L’opinion se souviendra qu’au temps fort de la controverse sur le déguerpissement des vendeurs au marché central, le président de la République, Félix-Antoine Tshisekedi Tshilombo, était intervenu en faveur du projet de Ngobila sur la modernisation de Zando, appellation locale du grand marché kinois. Il est donc logique que le chef de l’État refasse une évaluation de ce projet au regard des griefs portés par l’Odep et la Licoco dans leur “Rapport du contrôle citoyen sur le projet de construction du grand marché de Kinshasa, suivant le contrat signé le 21 mars 2021 entre la société SOGEMA et la ville de Kinshasa”.
Odep et Licoco mettent, en effet, en exergue la “Présence des irrégularités dans le contrat signé avec la société SOGEMA pour la construction et l’exploitation du Marché central de Kinshasa et qui lèsent les intérêts de la ville de Kinshasa et des 12 millions de Kinois…”. À l’image de la patrouille financière de l’IGF, le contrôle citoyen mené par les deux ONG révèle notamment” l’abandon total entre les mains de la société SOGEMA de la gouvernance du projet « Marché central de Kinshasa», du suivi et contrôle permanents des travaux, au moyen de la neutralisation du Bureau technique de contrôle « BTC » et du comité de suivi du projet.
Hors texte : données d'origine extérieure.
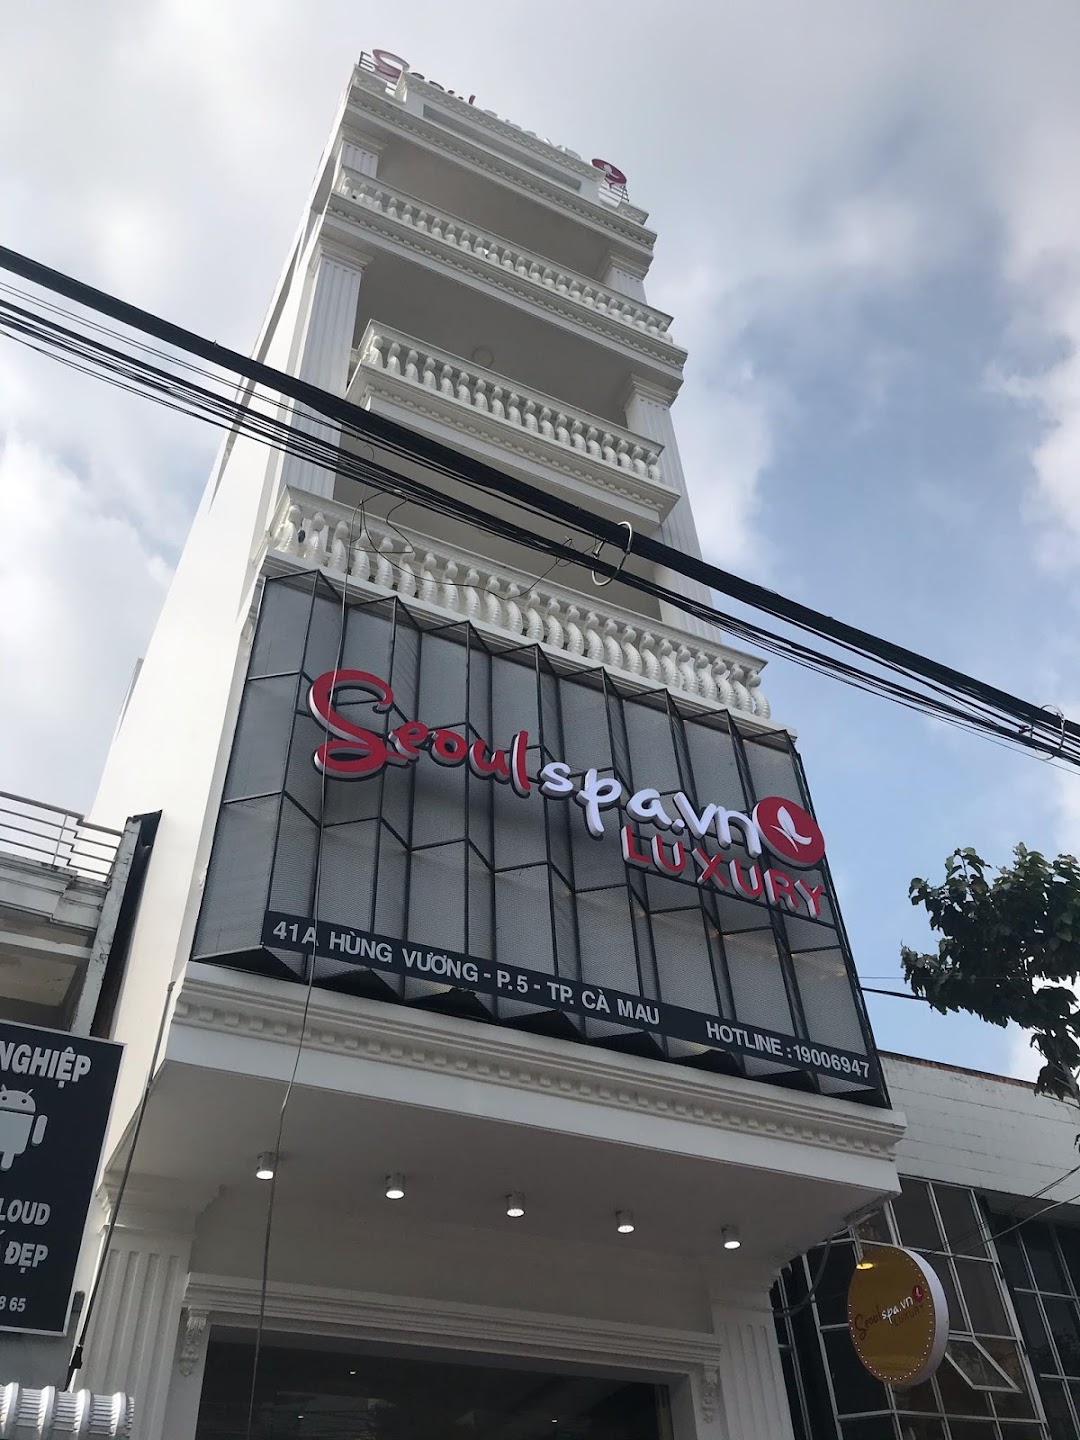 Seoul Spa Luxury

Pis, les limiers de l’Odep et de la Licoco ont pu déterrer “un accord tripartite de financement SOGEMA-SOFIBANQUE et la ville de Kinshasa… et l’avenant des clauses qui lèsent les intérêts de la ville de Kinshasa”.
Alors que la Banque centrale a recommandé une certaine prudence aux banques commerciales pour prêter à l’Hôtel de ville de Kinshasa, quand la banque libanaise SOFIBANQUE se retrouve dans un deal, commente ce confrère, des doutes persistent sur la clarté de l’opération.
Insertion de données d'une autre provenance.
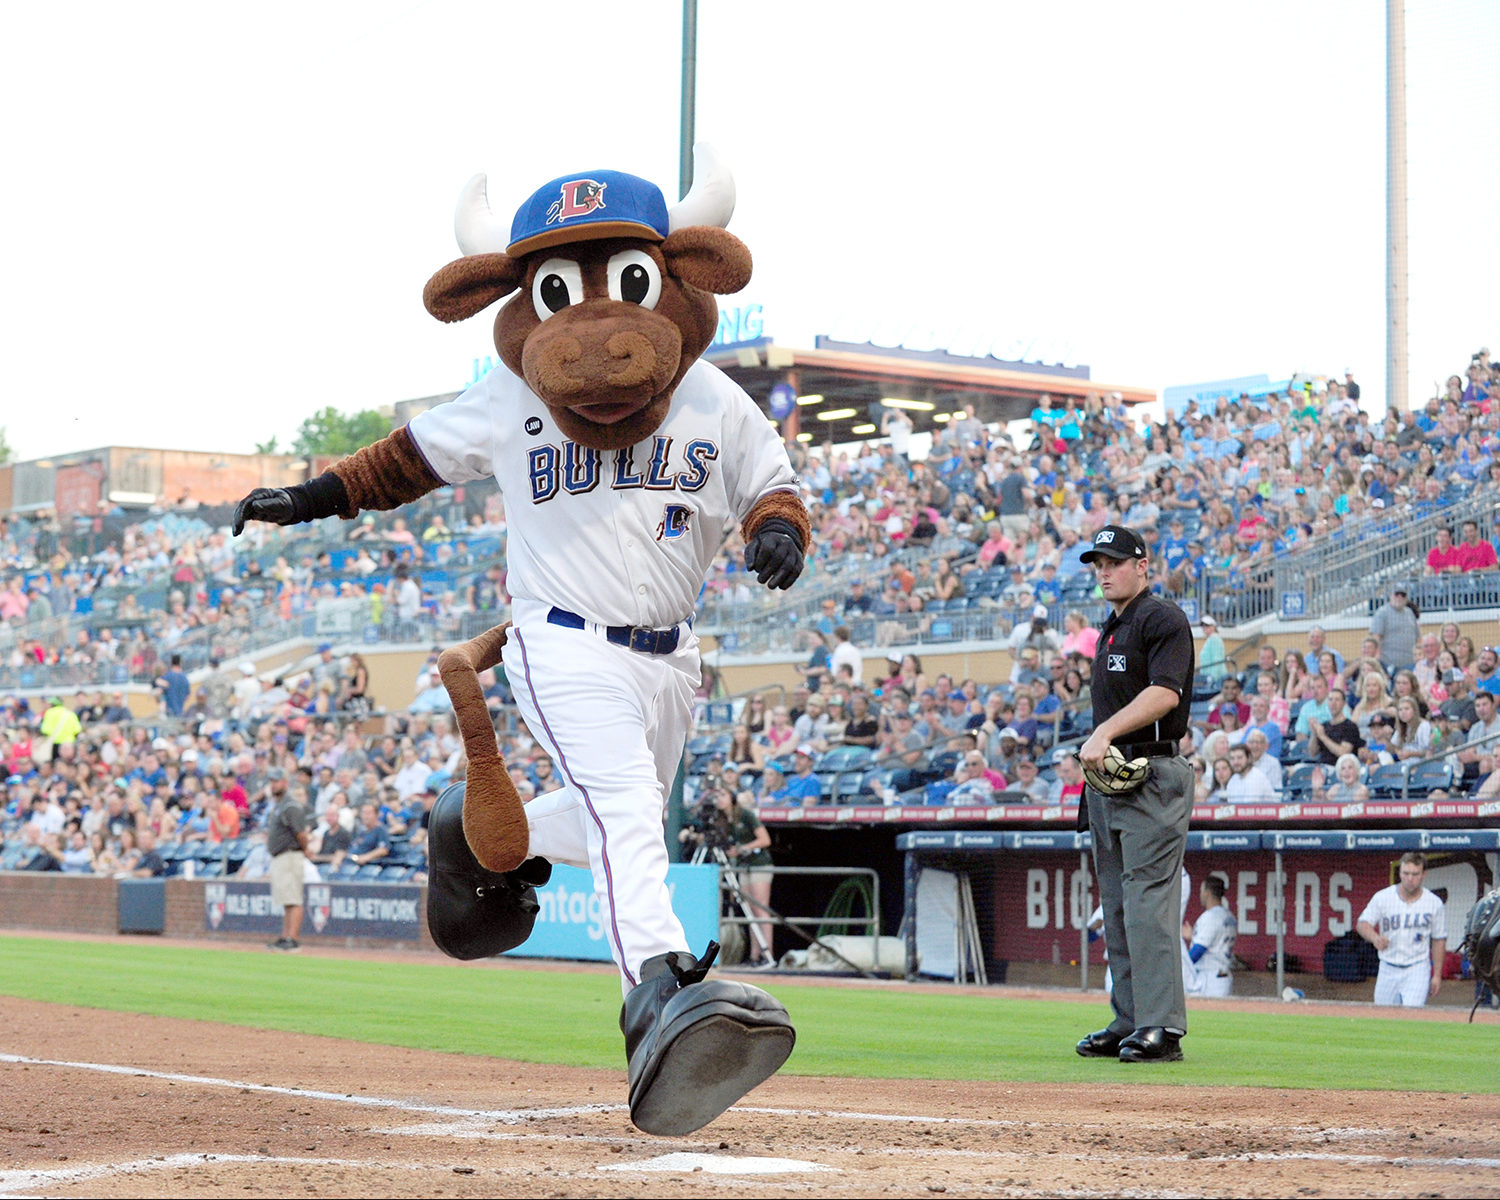 15 most bizarre minor-league baseball mascots in America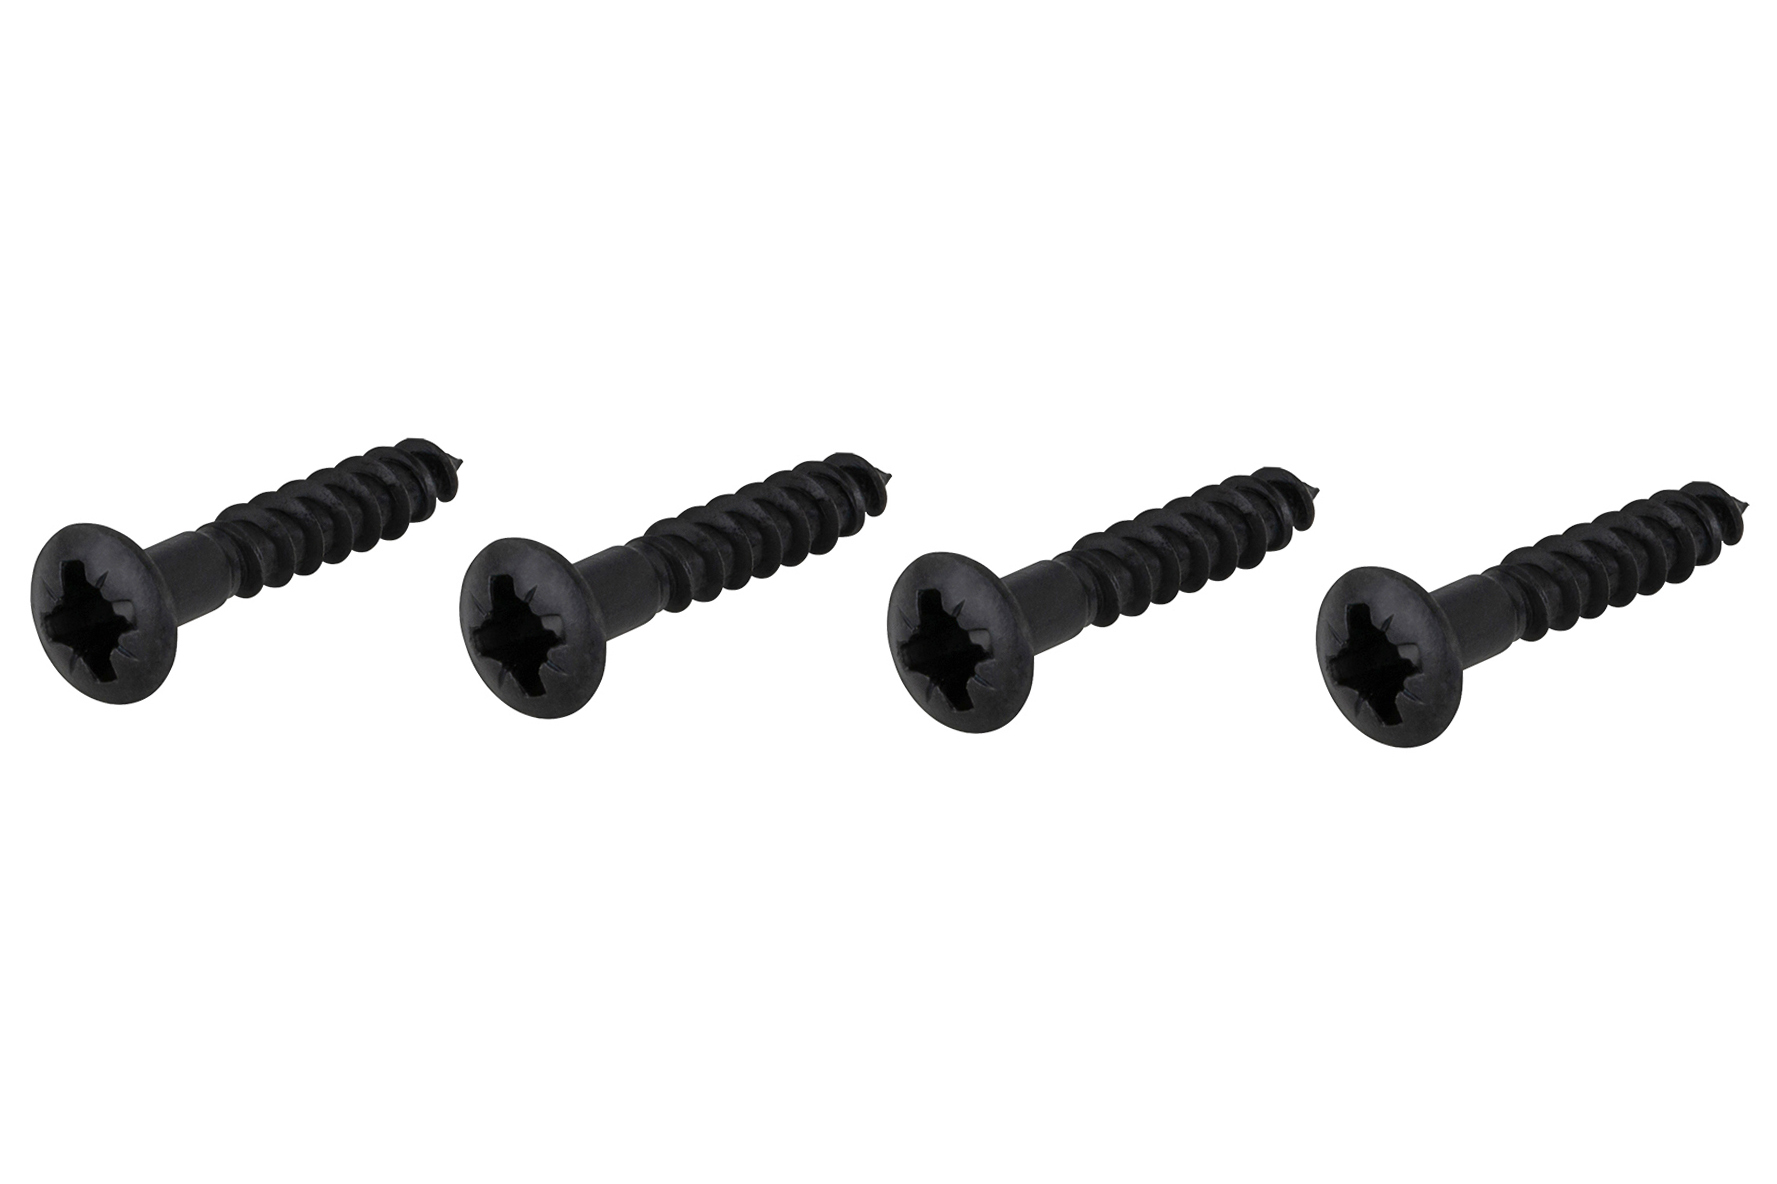 Framus & Warwick Parts - Countersunk Bridge Screw, 3,5 mm x 20 mm, 4 pcs. - Black

L’Observatoire de la dépense publique et la Ligue congolaise contre la corruption ont, en effet, étalé sur la place publique, onze preuves irréfragables que Ngobila a entraîné Kinshasa dans un contrat déséquilibré à dessein.
Le coût des travaux, soit 44 505 353 $US, est couvert totalement par un emprunt contracté par SOGEMA Sarl auprès de la SOFIBANQUE et dont la garantie de remboursement est totalement assurée par la Ville de Kinshasa, donc SOGEMA n’a apporté aucun financement propre. Les 44 505 353 $US fixés dans le contrat liant SOGEMA à l’entreprise de construction SZTC ne repose sur aucun soubassement détaillé et dûment validé par toutes les parties prenantes. Licoco et Odep en tiennent pour preuve le contrat signé le 29 juin 2022.
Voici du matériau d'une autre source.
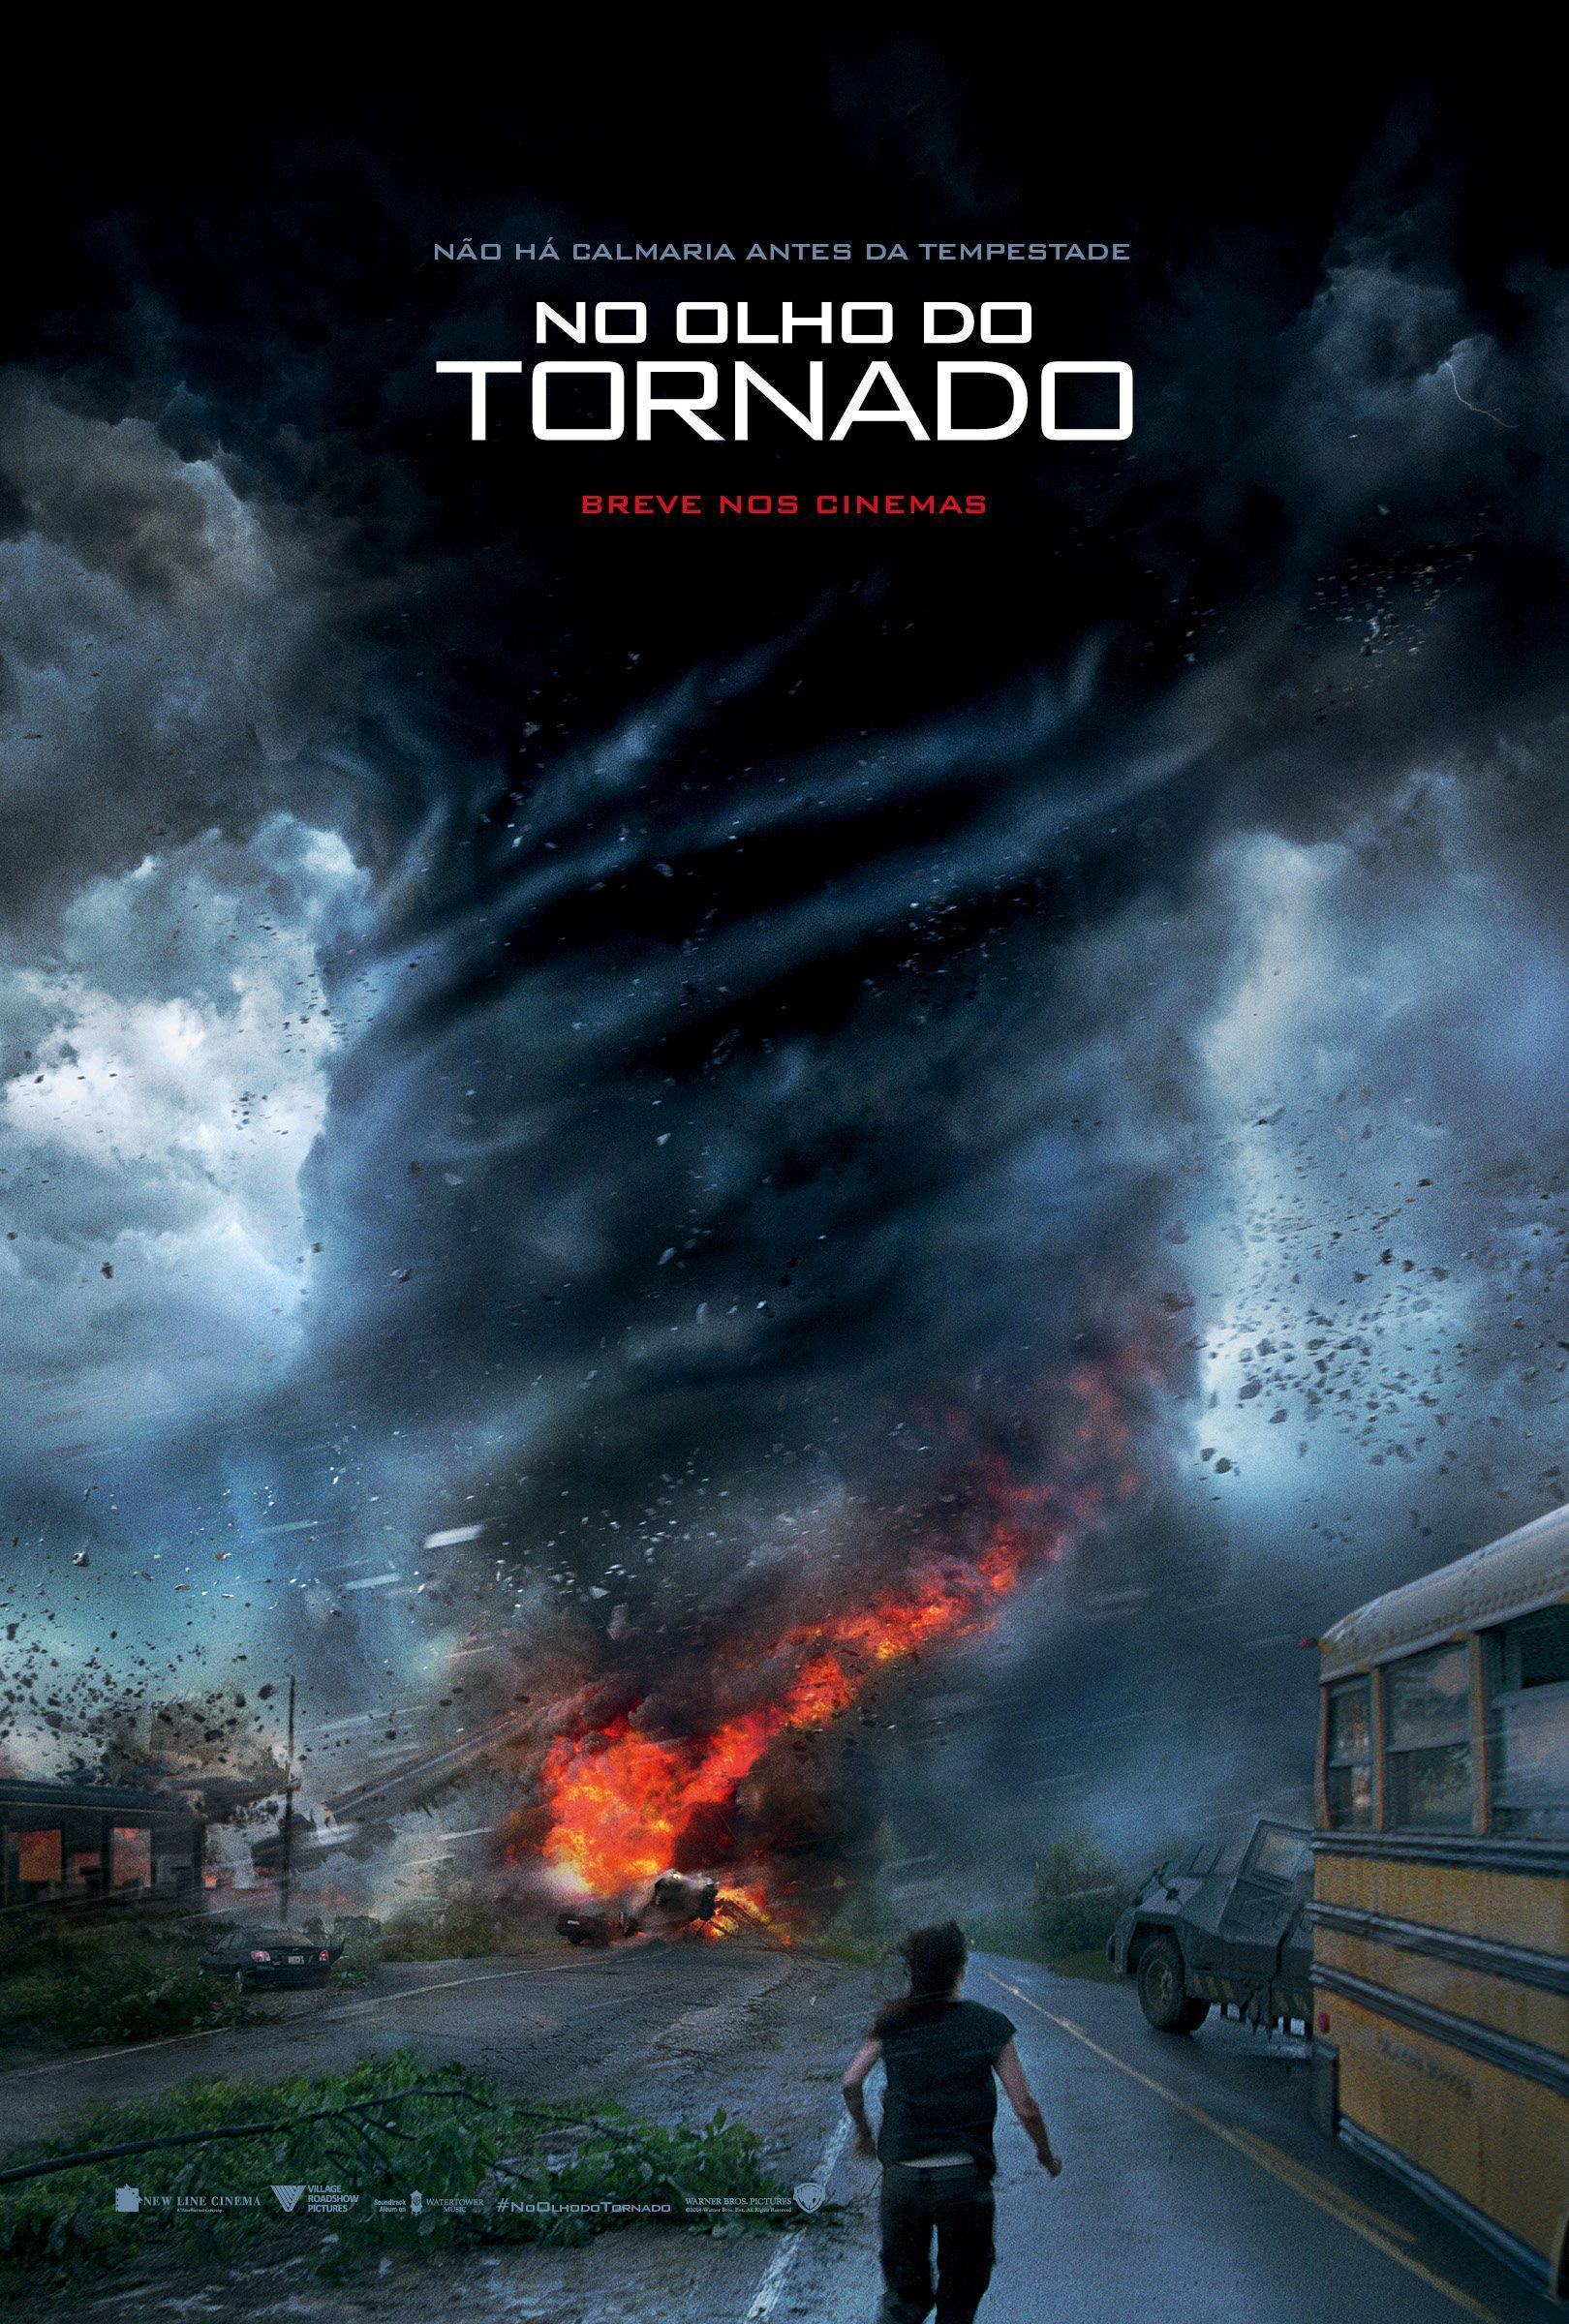 No-Olho-do-Tornado-poster

L’Hôtel de ville laisse la gestion exclusive du Marché central à SOGEMA Sarl pendant 25 ans. Cette durée est déterminée forfaitairement sans aucune étude préalable sur la rentabilité financière, économique du projet et son impact environnemental, soutiennent la Licoco et l’Odep. Il s’instaure une privatisation du Marché central au profit de SOGEMA Sarl qui ne dit pas son nom.
D’autant plus que les conditions de retour sur le site des vendeurs et du personnel administratif délocalisés avant le début des travaux ne sont pas du tout définies, expressis verbis. Licoco et Odep dénoncent par ailleurs, le “recrutement exclusif du personnel du projet par SOGEMA Sarl”. Il n’est plus rare de constater, dans nombre des chantiers relevant pourtant de marchés publics, une majorité des ouvriers expatriés, indopakistanais, chinois, libanais, kosovars…
Les deux ONG relèvent également que dans le contrat de Ngobila, la société SOGEMA Sarl se substitue à la principale régie financière de la capitale (DGRK) et s’emploierait à percevoir les droits et taxes revenant à la Ville de Kinshasa.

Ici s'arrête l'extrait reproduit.